If you google these sensors, you find different opinions on the length of their lifespan. They aren't designed to be left in moist conditions, which is why the capacitive sensors are a better fit for this project.

So after realizing the resistance sensors wouldn't work, I googled for some alternatives. I switched over to the capacitive sensors because they could withstand being in soil, and seemed to have very good results overall (amazon link).

To get setup with the capacative sensors, I had to use the esp32s since the Raspberry Pi doesn't have a digital to analog converter by default. I found this YouTube video super helpful to get started:

Capacative Sensors

Learning Soldering

So when I started this project, I was fairly new to soldering. After some googling and a few attempts, I found learning it was very easy. There are a lot of great YouTube videos and articles that teach you the basics of what makes good connections etc. I also found this great kit off of amazon here.

I also got some cheap wire from my local Home Depot and was able to solder the connections for the wiring I used. This was important so I could route all the wires to the little wooden box that I had to conceal everything. In order to route the wires neatly, I had to solder cables to the leads for the motors. Here is one of the connections I made:

To cover the exposed connections, I also used Heat Shrink that you can get at any hardware store (this is the black covering you see in the image). I used my wife's extra hair dryer to heat them in place overtop of the exposed connection.

I also used zipties to hide the wires behind the assembly. As you saw in the intro picture, this keeps the wires neatly hidden away from view.
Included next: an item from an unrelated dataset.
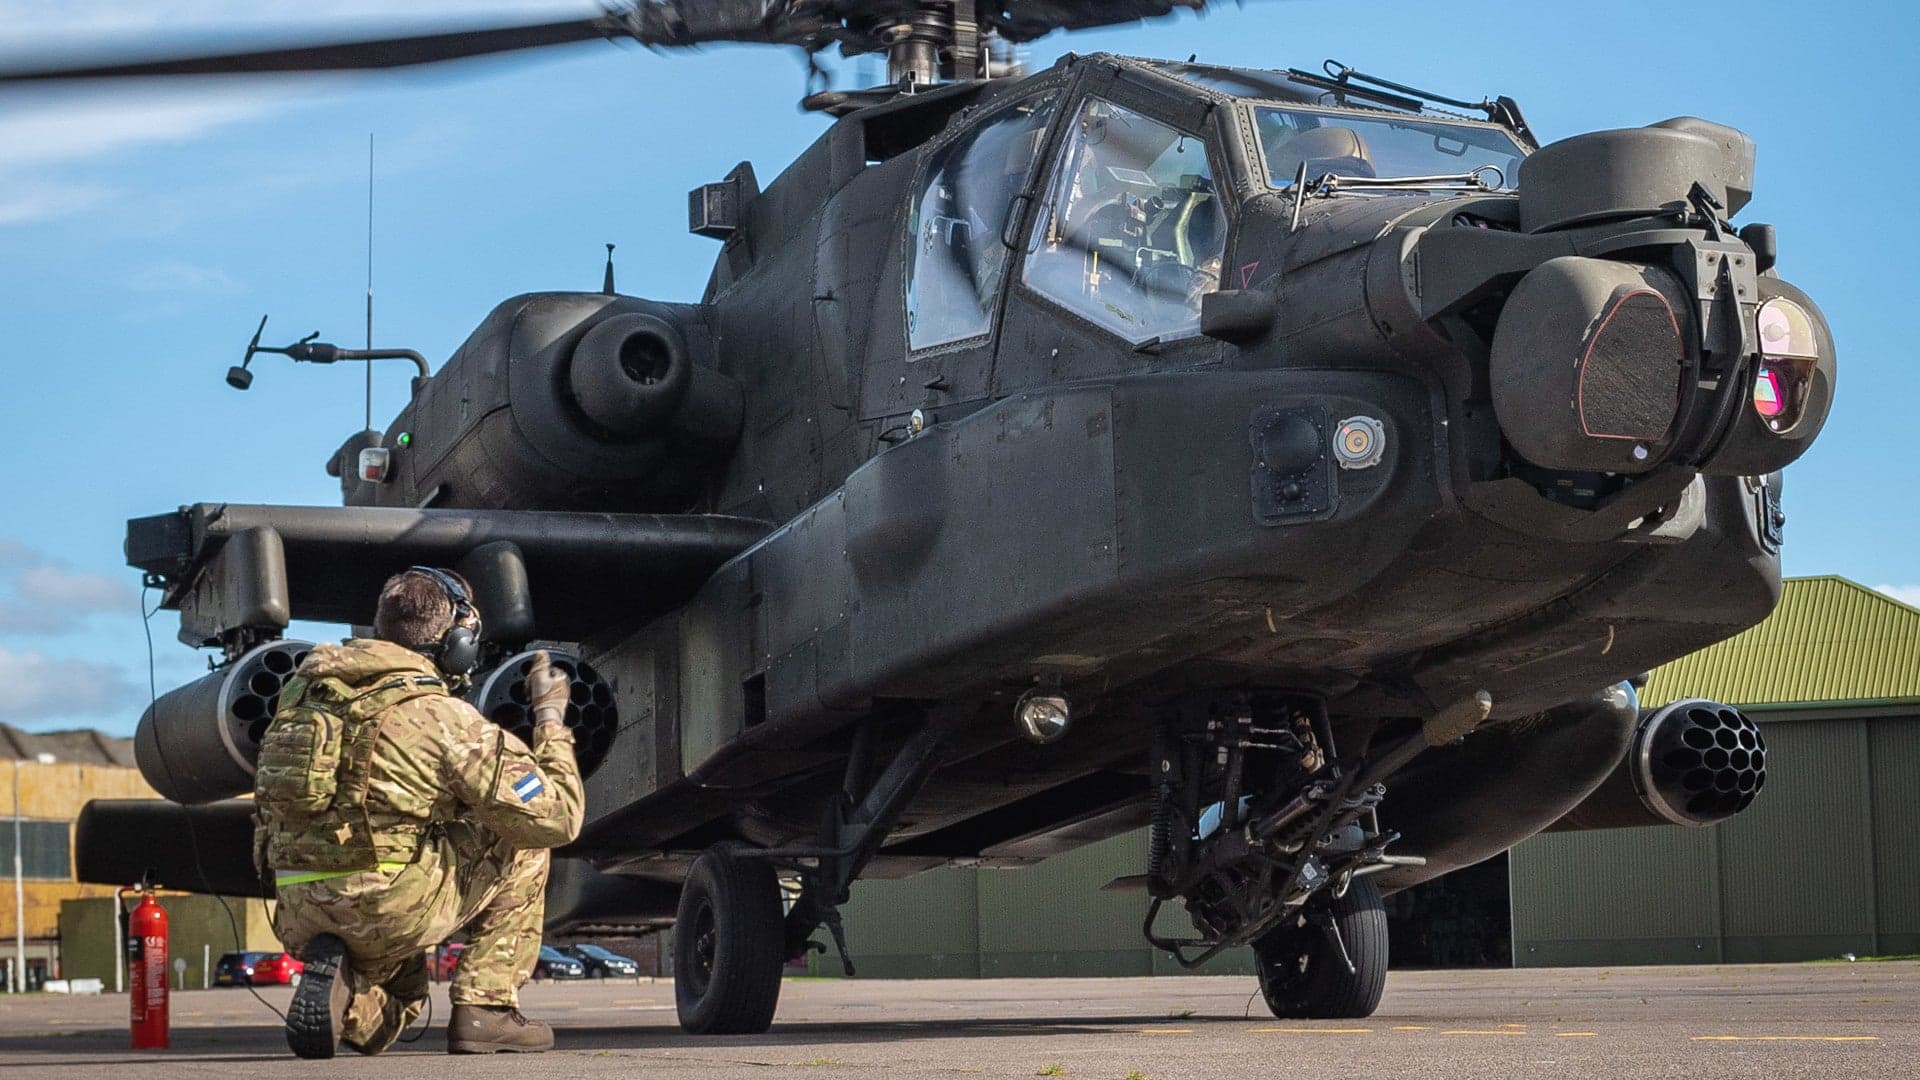 British Army Apache Gunship’s 30mm Cannon Accidentally Fires During Maintenance

Here's the wires neatly setup behind the shelf.

Lessons Learned

So in the process of doing this, I learned quite a few lessons. All parts of this project I built and rebuilt a few times. This really reinforced the need for iterating through problems, and also having patience. I also had a few funny things that happened along the way:

  • In the first iteration of the project, I had the moisture sensors text me when the plant would need watering. The resistive sensors I used were super cheap, and after a short time the wire for the sensor trigger crossed one day. This ended up with me receiving 400 text messages one morning while going on a walk.
  • When you work with an automated system, it will run on its own. I didn't think about this until I swapped out our plants one day, and left the sensors out in the open(dry). This resulted in the sensors thinking that there was no water. So when the daily cron job ran for watering, it thought there was no water so shot water out of the water pumps into our kitchen. This was fun to clean up afterwards.
  • The esp32s can be a little bit flaky sometimes. I've had to restart them a few times when they stopped working, but they have small power buttons directly on the microcontroller so this is very easy.
  • Contrary to my original understanding, plants don't always like to be watered frequently. I accidentally killed about 5 plants in making this project.
  • With all soldering, a little bit of flux goes a long way. I had several issues with "solder bridge" on a previous project which taught me that less is more.
  • When doing any project that is this complex, it's best to take one piece at a time. All the different working parts I did separately, and then connected them. That way you can control the process. It also makes debugging far easier.

Closing Thoughts

I hope you've enjoyed reading about my project. It was actually quite a bit of fun over the summer. It was also a great break from all the quarantine craziness as I got to actually work with my hands, and it was a nice change in context from my normal software engineering work.

My wife also helped me quite a bit throughout the project, and was a great audience when I got to show off the different pieces successfully working. This is a great project to work on if you have a family or kids that might be interested in technology.